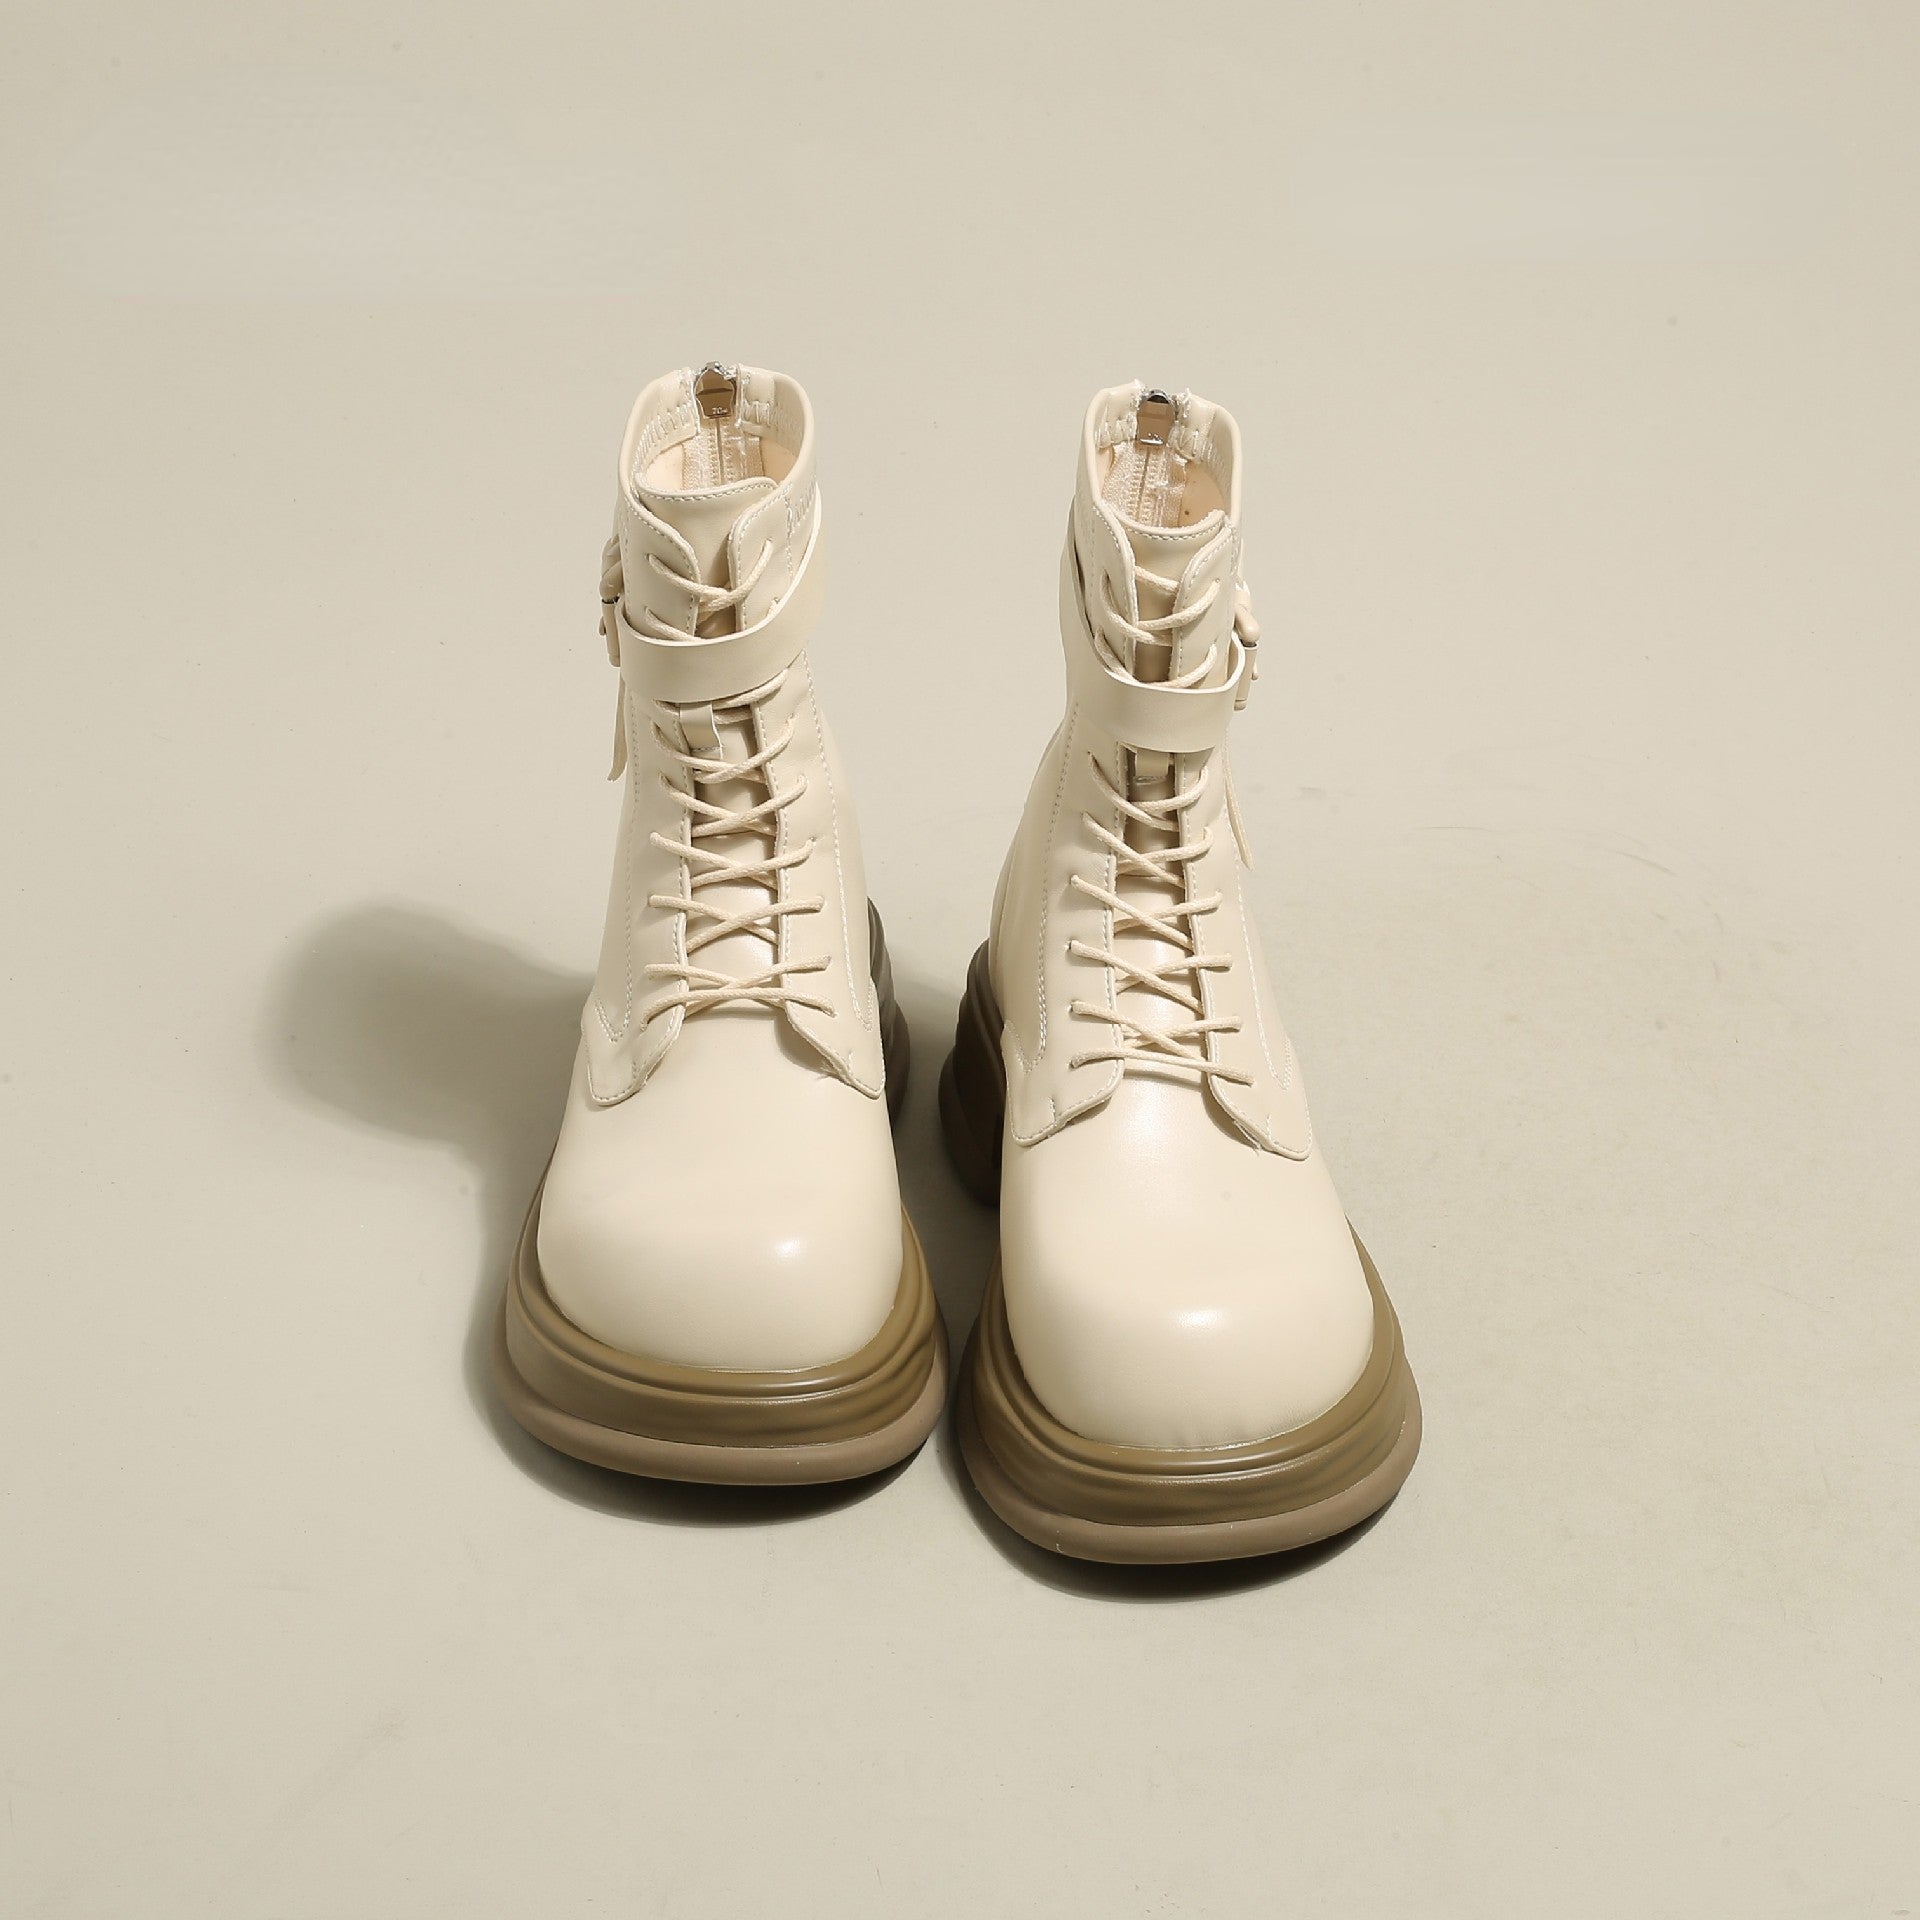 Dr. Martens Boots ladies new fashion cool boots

---

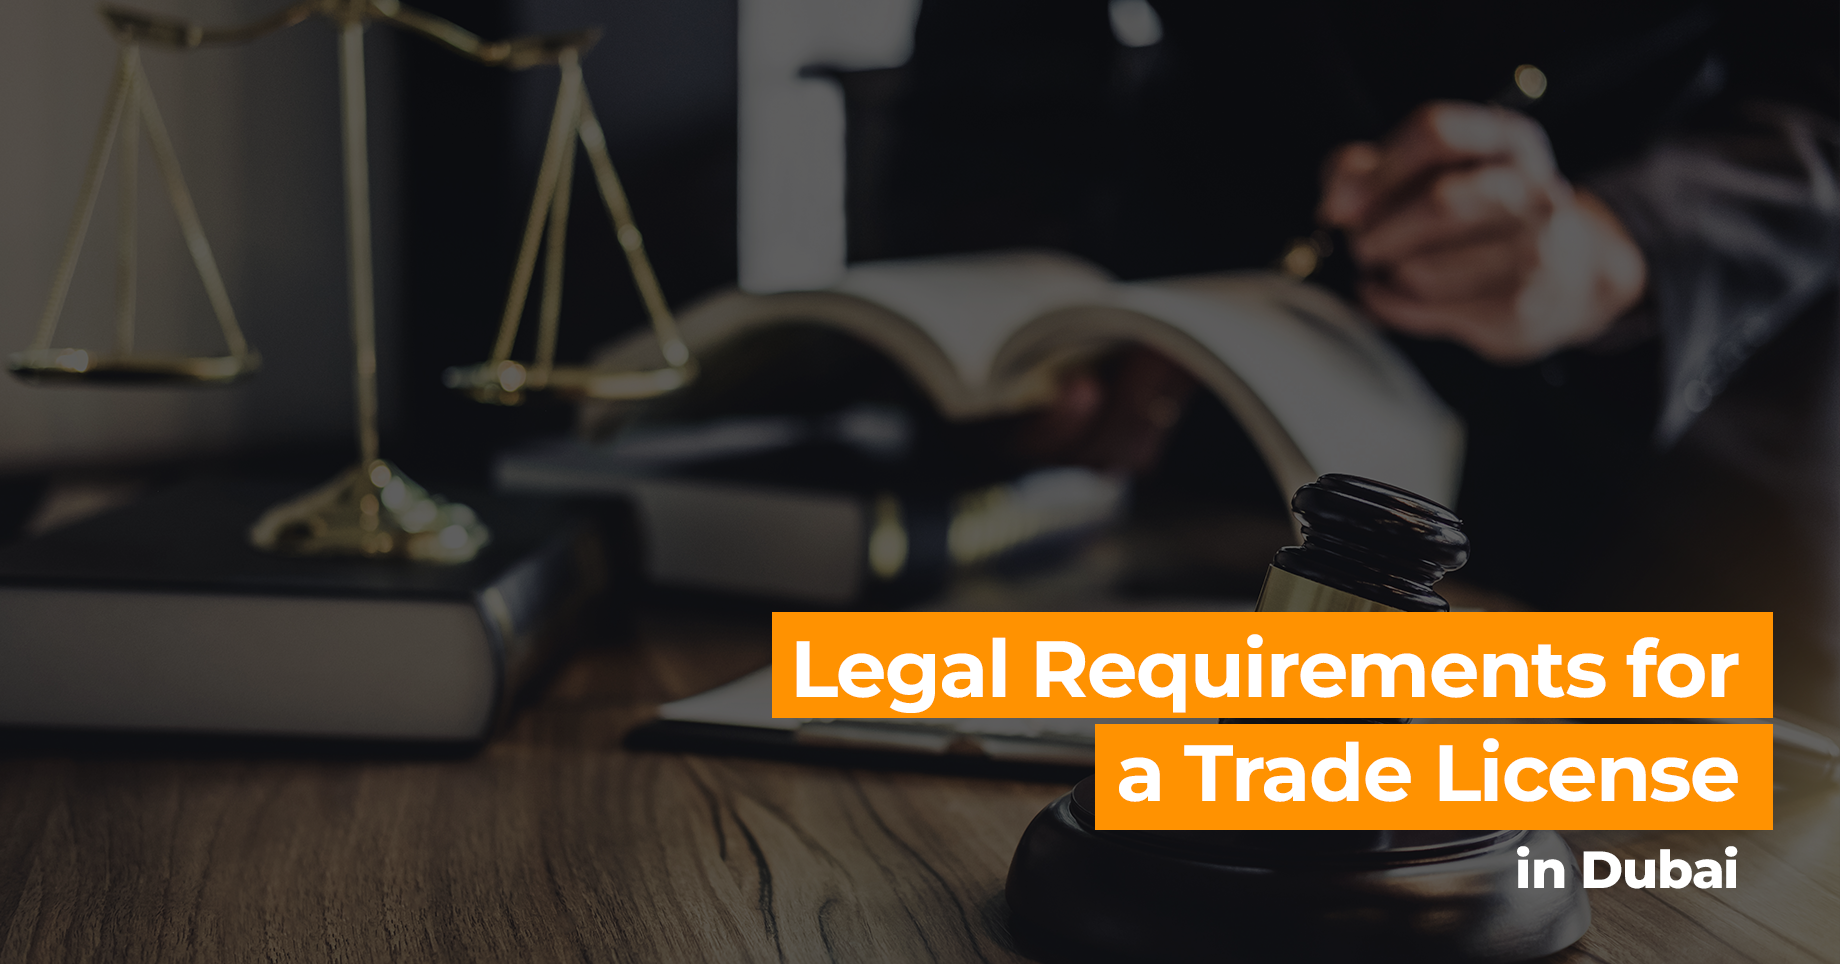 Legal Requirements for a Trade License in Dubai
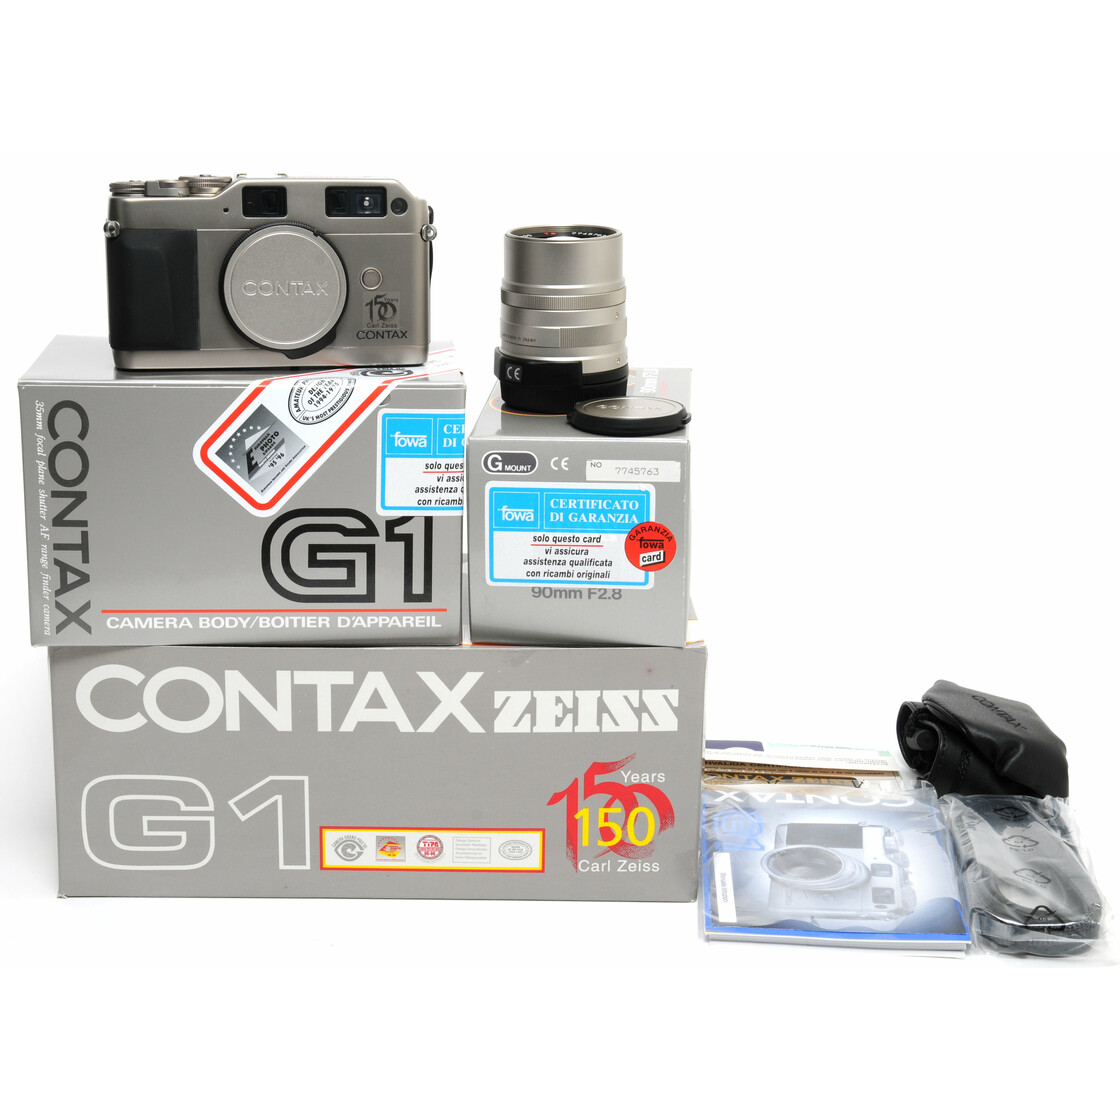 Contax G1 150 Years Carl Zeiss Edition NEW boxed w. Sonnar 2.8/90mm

Exercise details → Please print the lines above word for word, starting at the one with "Legal Requirements for" and ending at the one with "Contax G1 150", both included, and without any picture.

Result for this task →
 Legal Requirements for a Trade License in Dubai
 Contax G1 150 Years Carl Zeiss Edition NEW boxed w. Sonnar 2.8/90mm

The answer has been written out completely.